Data provided ::
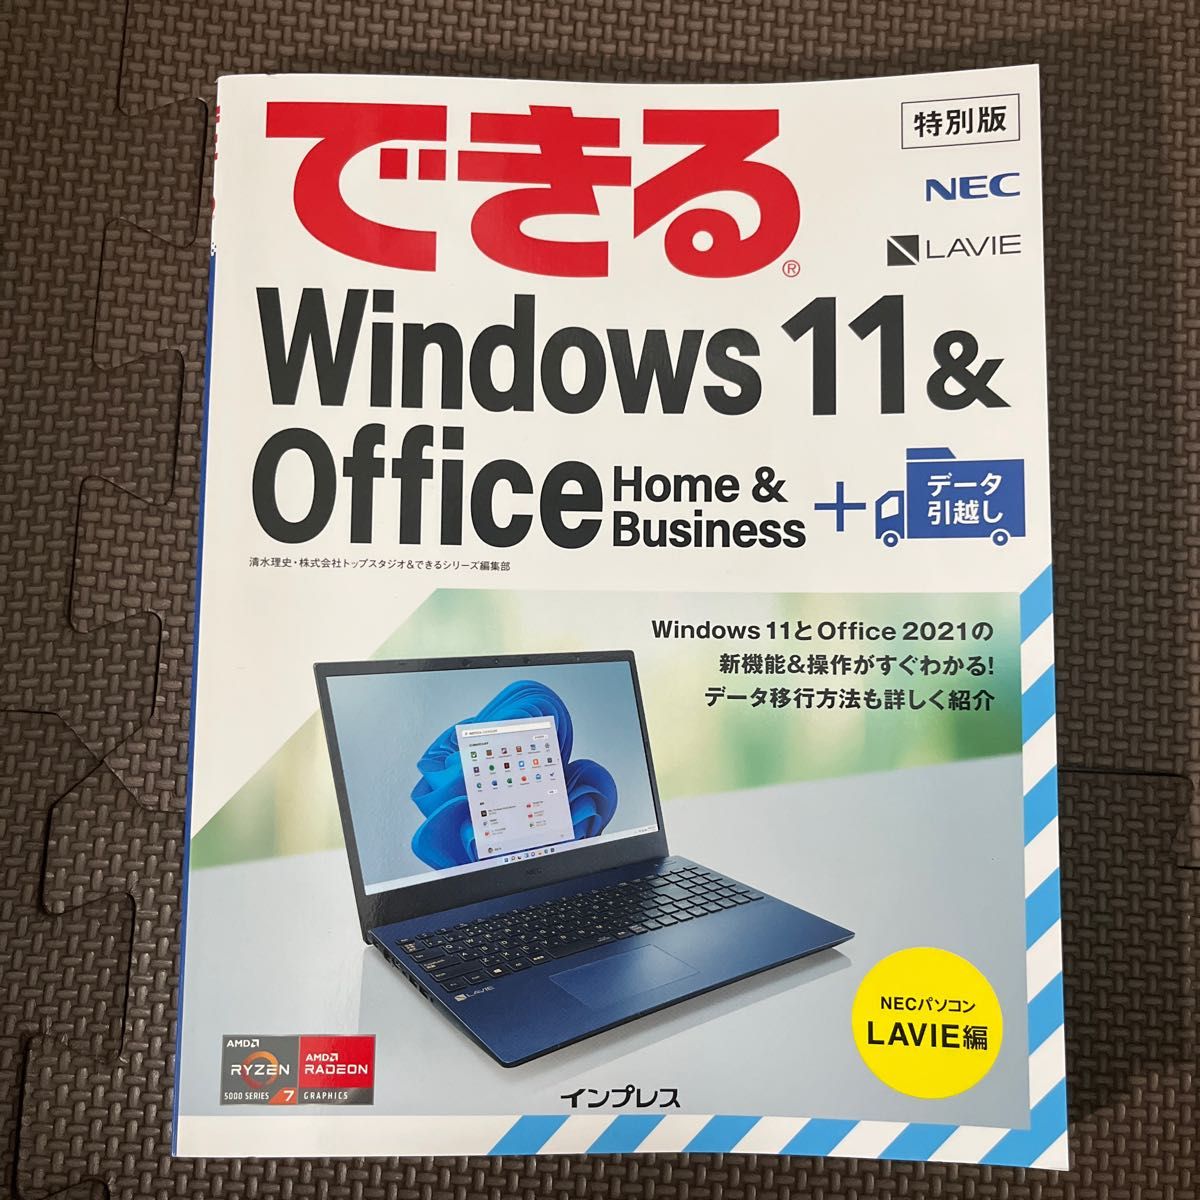 Windows11新機能完全マニュアル
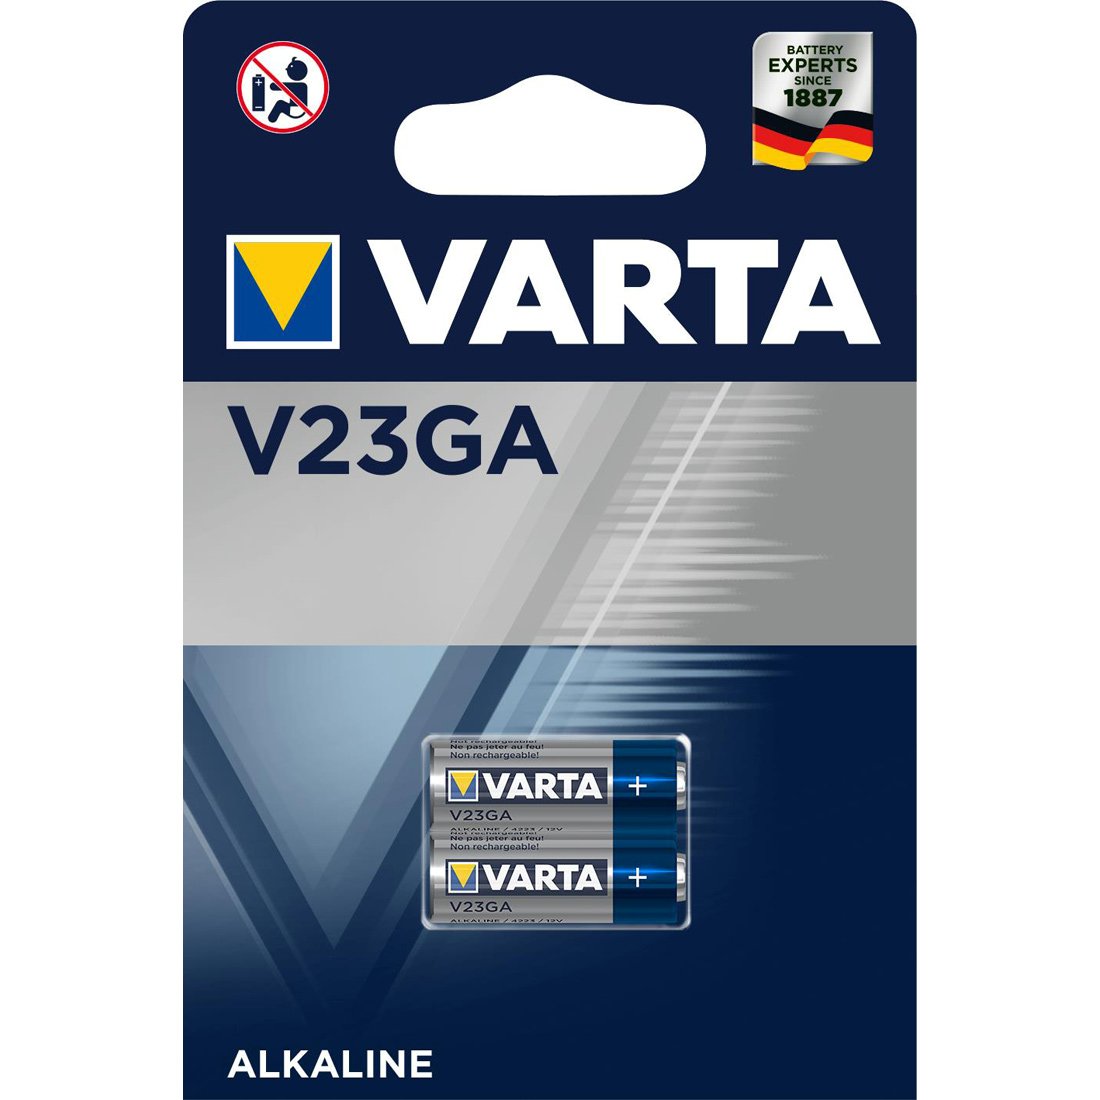 VARTA BATTERI ALKALINE 12V V23GA 2-PACK
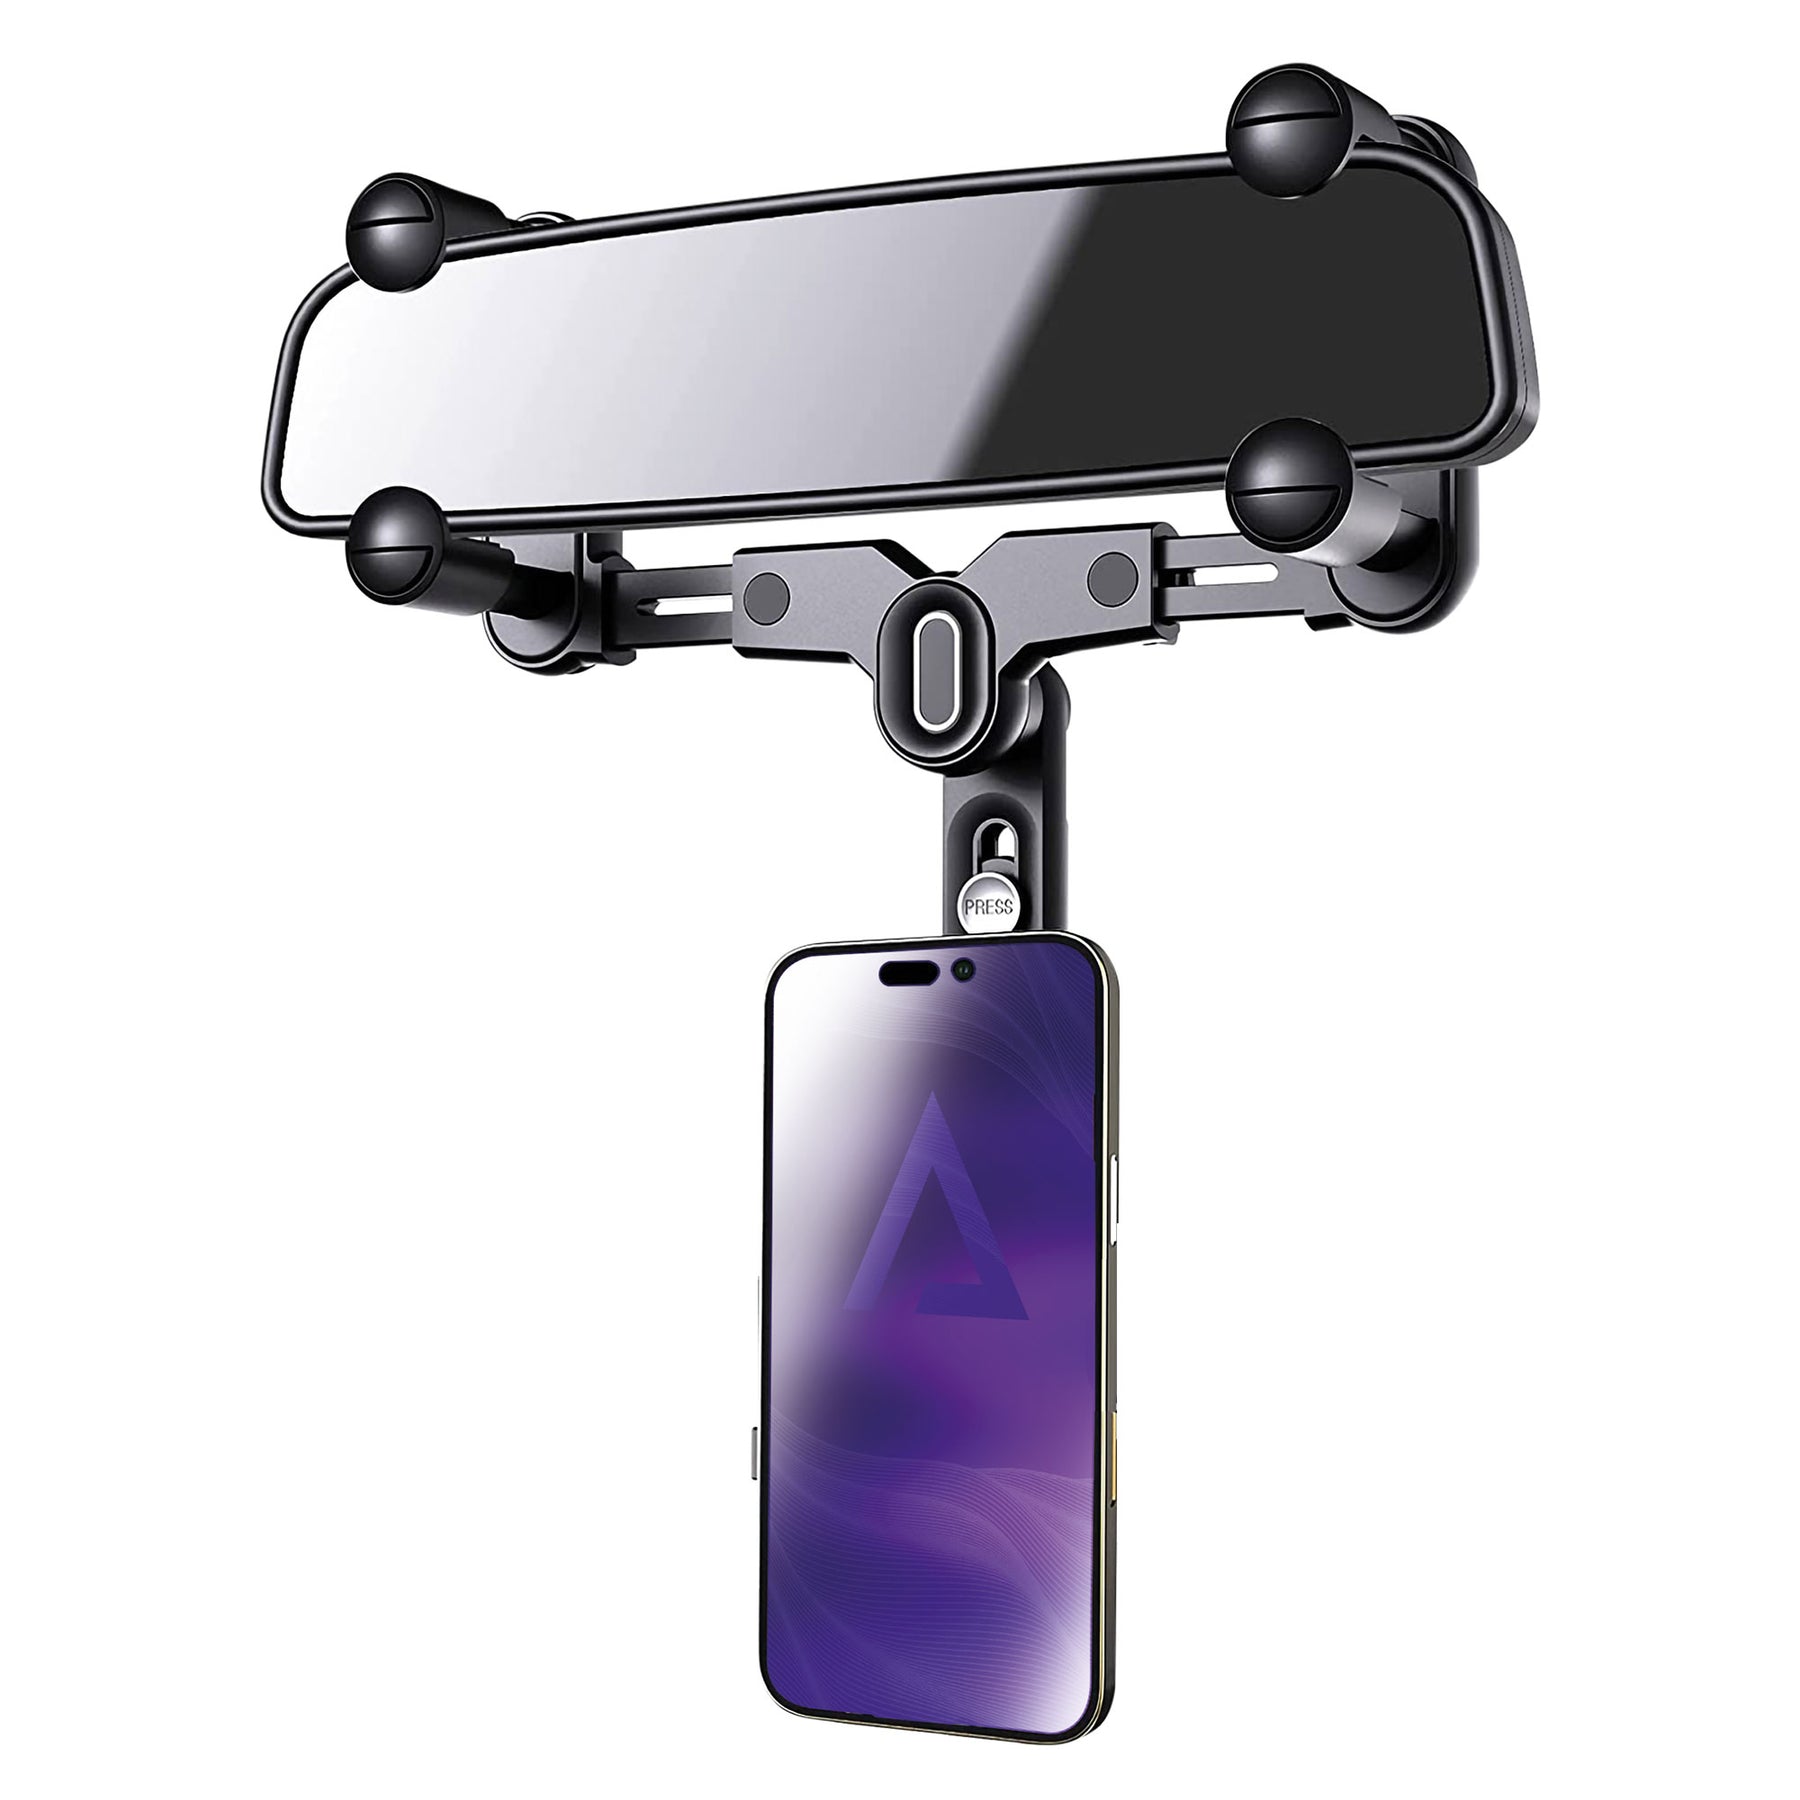 HyperMount Rear View | Phone Mount |  360 Rotation, Retractable & Adjustable
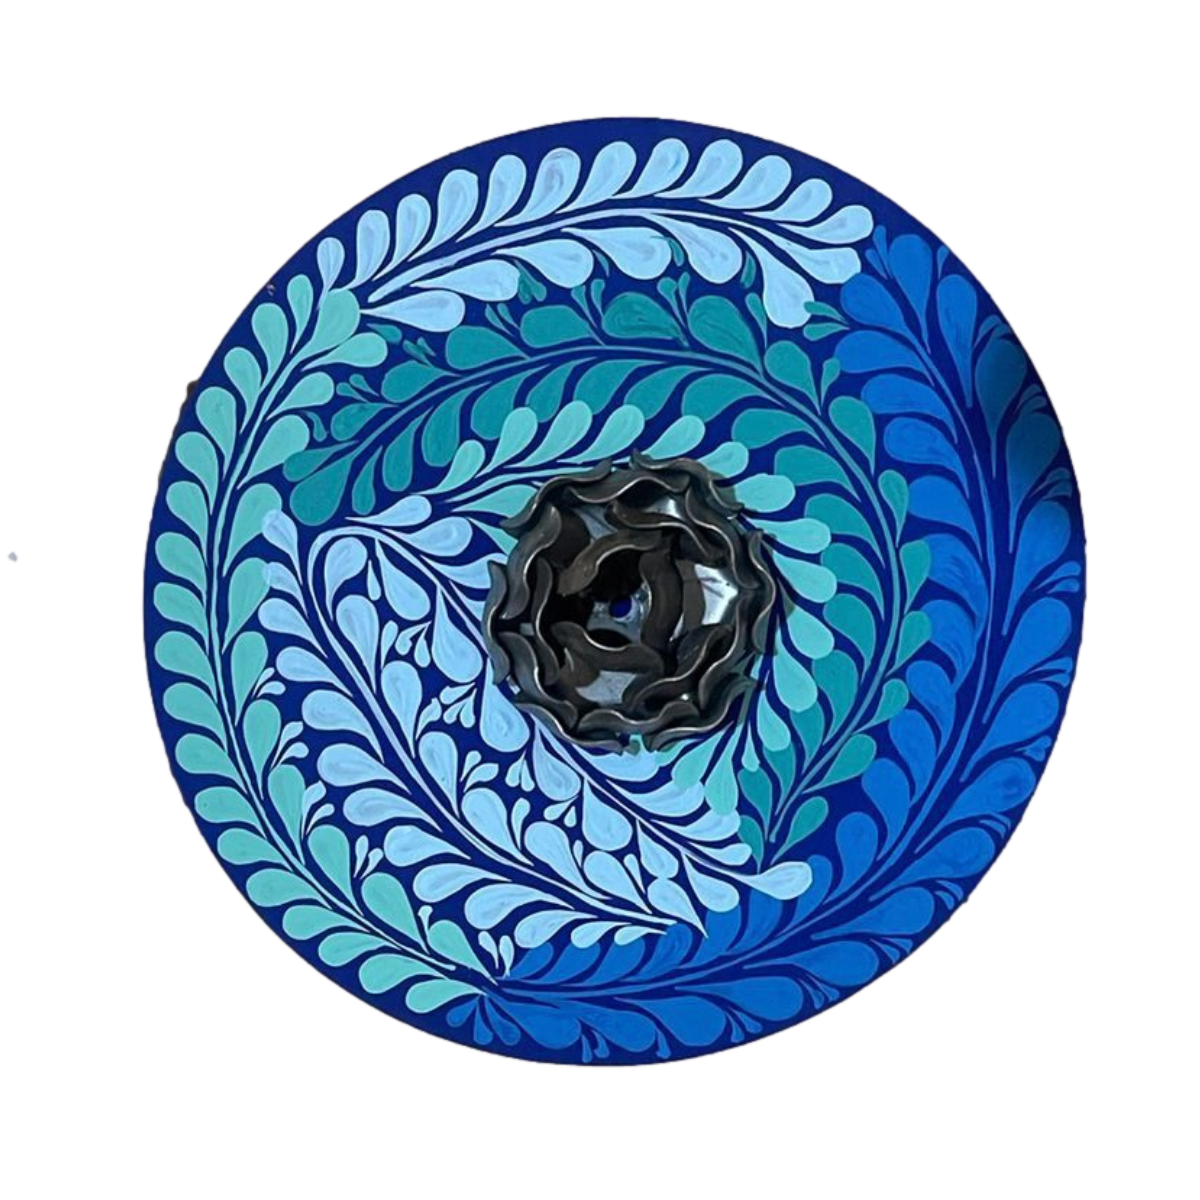 Mexican Handmade Parota Wood Tortilla Warmer & Charcuterie Board 2 Piece Set- Blue/Black Rose MeXican Artisan Fashion & Design

Exercise aim :: Could you give the material again exactly as it stands, omitting any image?

Problem solution ::
 Windows11新機能完全マニュアル
 VARTA BATTERI ALKALINE 12V V23GA 2-PACK
 HyperMount Rear View | Phone Mount |  360 Rotation, Retractable & Adjustable
 Mexican Handmade Parota Wood Tortilla Warmer & Charcuterie Board 2 Piece Set- Blue/Black Rose MeXican Artisan Fashion & Design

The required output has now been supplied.